Luxolive.

Faux Food
2004-04-26
9:55 p.m.

I don't get it. I completely don't get it.

Fueled by a need to search for waffle-related items (are there such things?) on ebay to go along with the kick ass new waffle iron I just got, I came upon the most baffling thing ever: Fake Food.

I mean, I guess I knew that fake food existed. I'd seen it places, and been vaguely discomfitted by it. I'd never really put much thought into it.

The faux waffles selling for 17.99 (or, they're led to believe they can ask for $17.99) had me going down the Road of Why. Why? Also, Who? Additionally, where?

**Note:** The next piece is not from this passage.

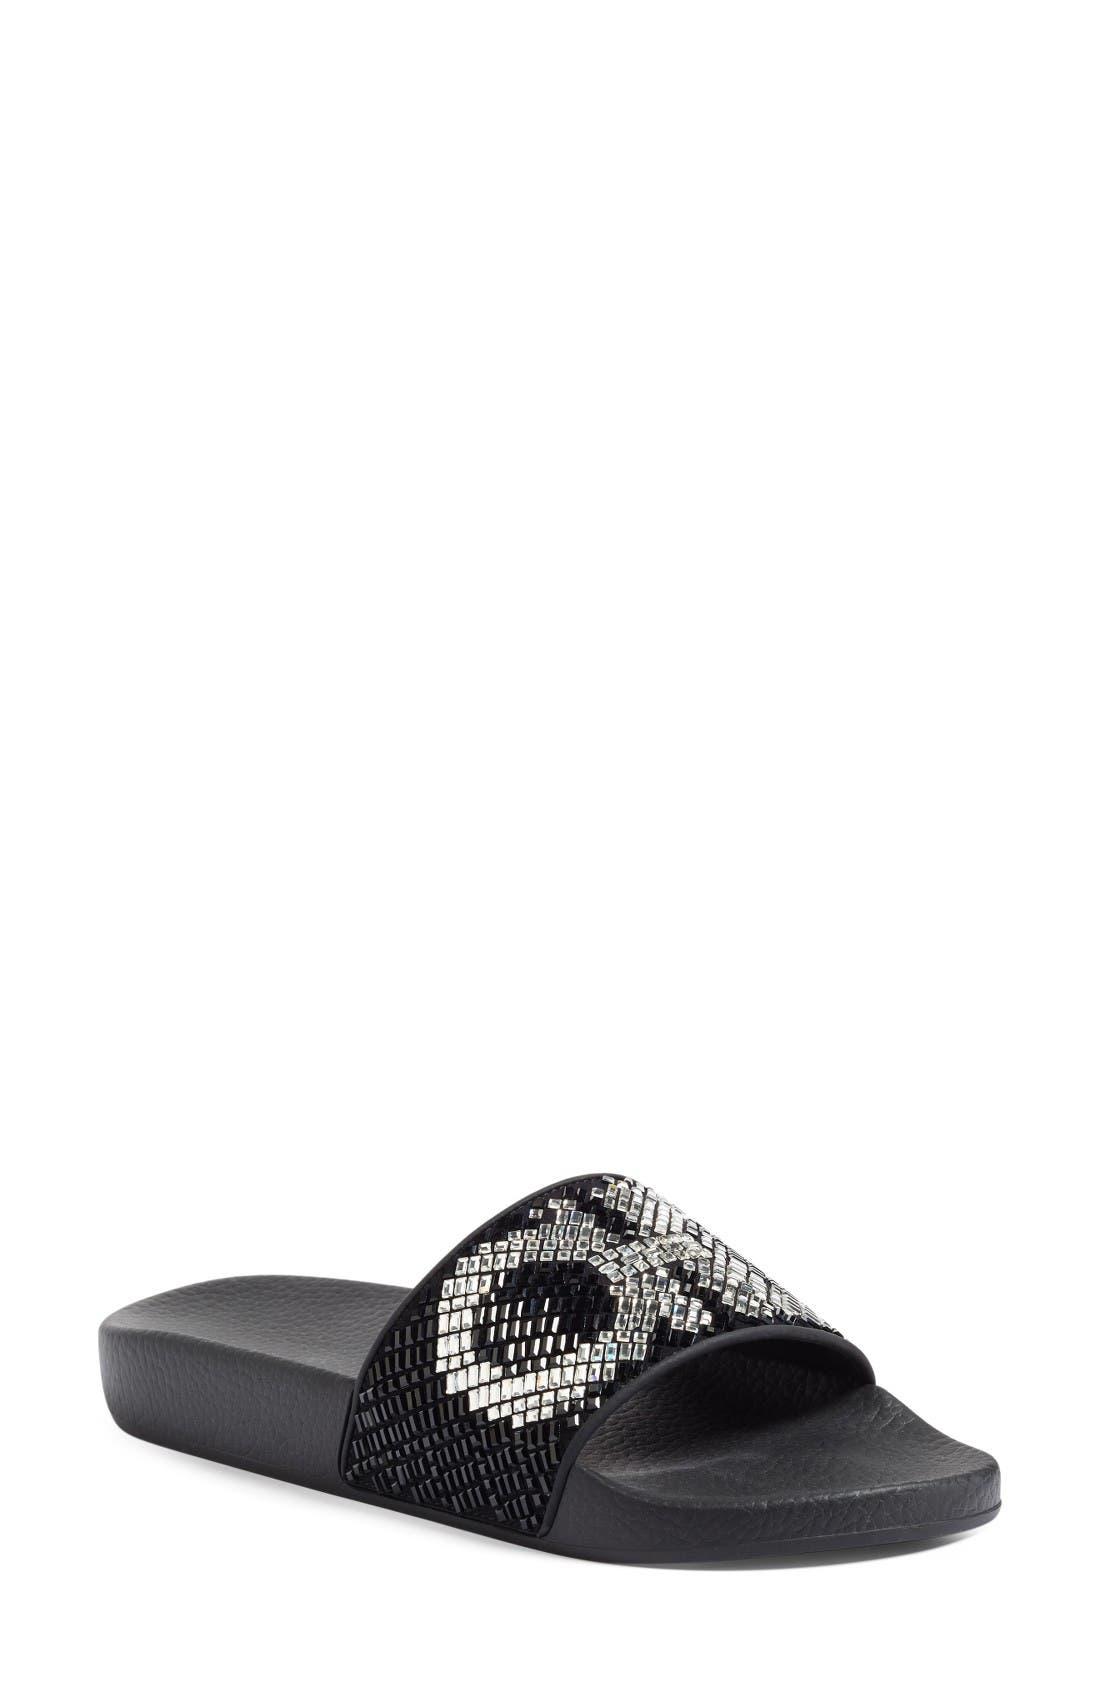 Main Image - Salvatore Ferragamo Crystal Logo Slide Sandal (Women)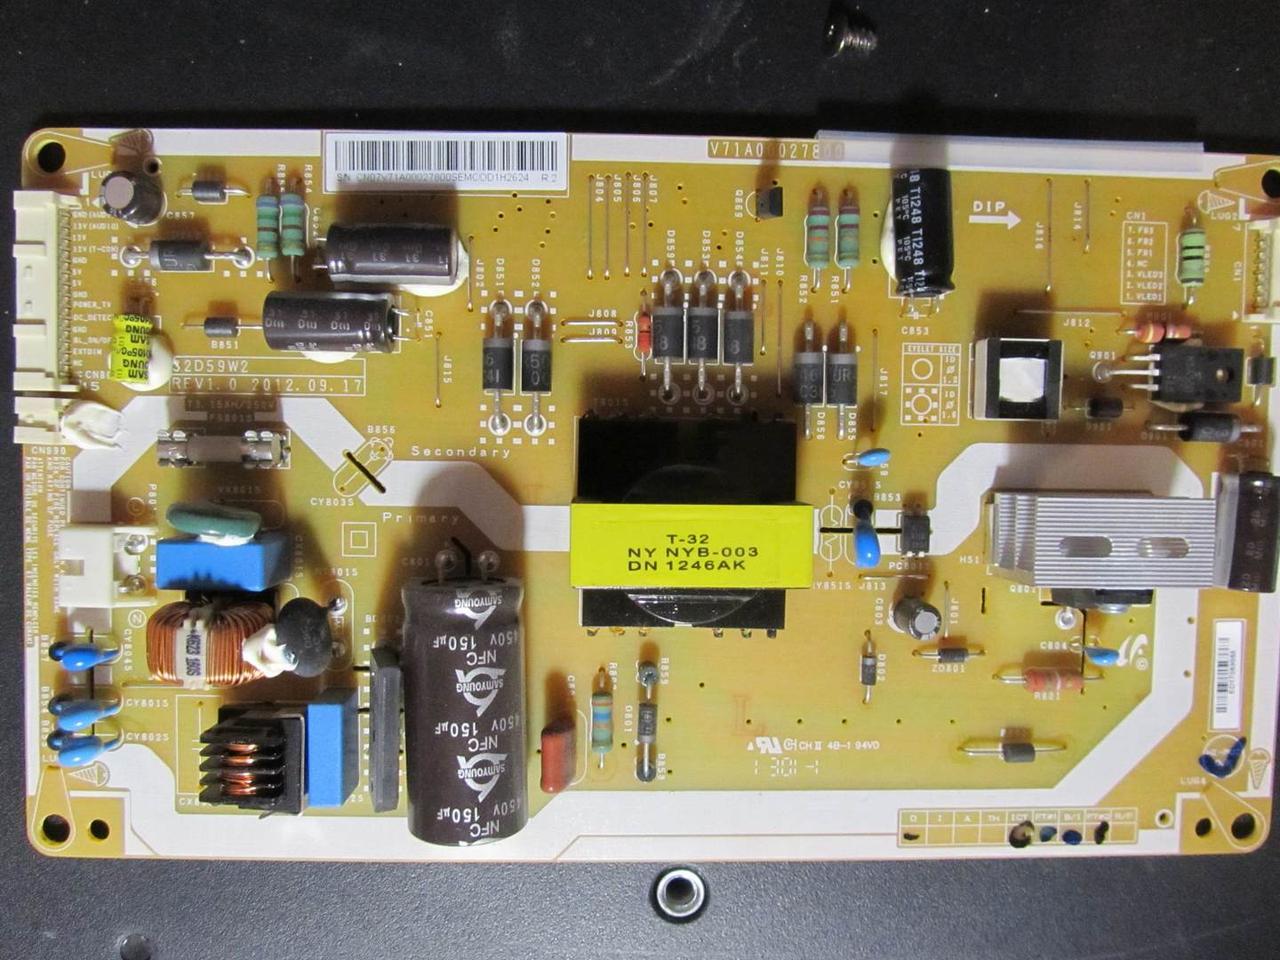 Запчастини до телевізора Toshiba 32PB200V1 (V28A001439A0 , V71A00027800)

I really want to sit in on a marketing meeting for these things. Do people involved commit ritualistic suicide afterward, or do they sit around and wax nostalgic about the Fake Food Boom Days of the 80s, Spencer's Gifts, and the Set Decorator for My Two Dads? And what about the people who make them? Actually physically fill the molds, or, better, design the molds and paint them? Man in a bar: "I paint fake clown cupcakes for a living."

(By the way, my favorite part of that listing is, "This clown cupcake would make a great gift for that special someone in your heart.")

It would, you know. Make a special gift. Because what do you want more (BE HONEST) than a fake cupcake with a clown perched merrily atop it? Thats right: Nothing.

I weep for the archaeologists of the future, and their sad fate of attempting to make sense of this.